Agent orchestration application - Alibaba Cloud Model Studio

You can create an agent orchestration application to build a group of autonomous agents that collaborate and plan automatically. This topics describes how to create an agent orchestration application and its advanced features.

Why use agent orchestration application

Agent orchestration applications offer several advantages over single-agent applications:

Collaboration and flexibility: Multiple agents can collaborate and share information with each other to complete complex tasks more effectively than a single agent.

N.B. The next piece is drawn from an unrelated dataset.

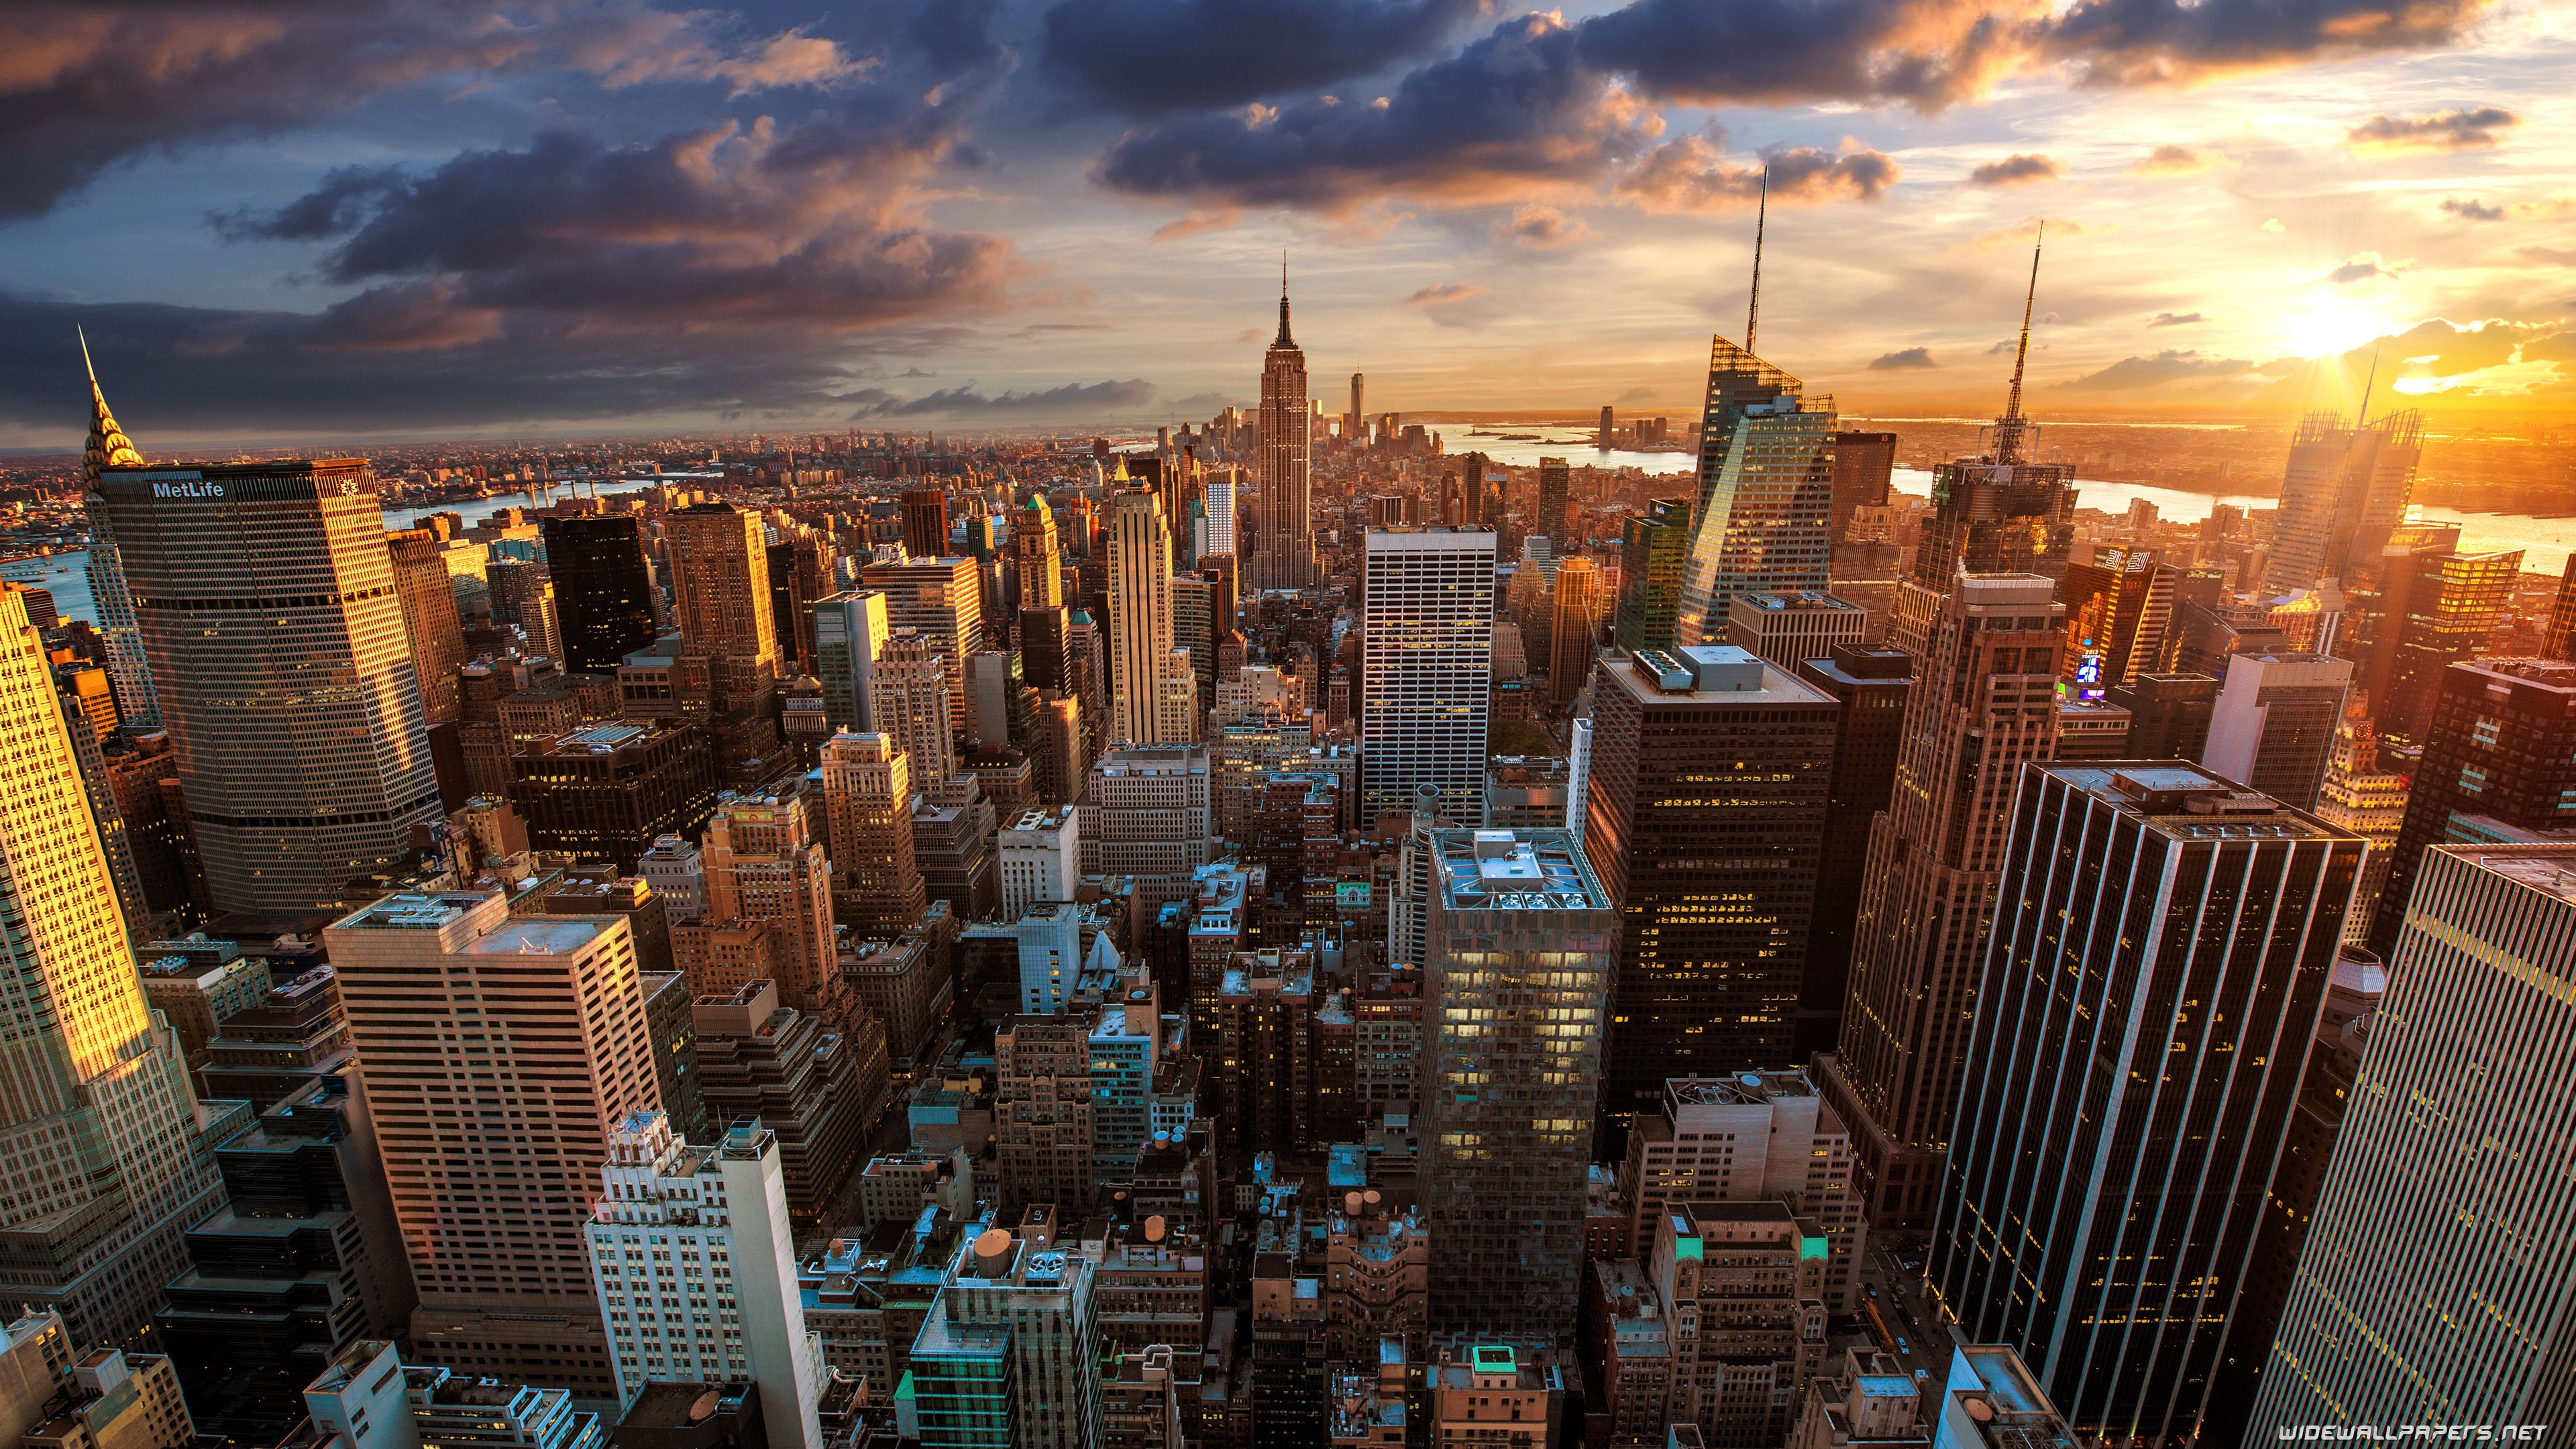 3840x2160 New York City Desktop Wallpapers Top Free New York City Desktop Backgrounds

This capability is particularly beneficial in scenarios that demand multi-party cooperation and parallel processing.
Extensibility and robustness: You can adjust the number and roles of agents in an agent orchestration application, enhancing its flexibility and robustness.
Task decomposition and parallel processing: Agent orchestration applications can break down complex tasks into subtasks, which are then processed concurrently by different agents, improving efficiency.
Automatic planning: Agent orchestration applications can autonomously plan task execution flows and schedule sub-agents based on task requirements
Complete agent functionality: On top of all these capabilities, agent orchestration applications maintain all features of a single agent, including RAG and plug-ins.

Getting started

The following section uses a schedule management assistant as an example to get you started with agent orchestration applications.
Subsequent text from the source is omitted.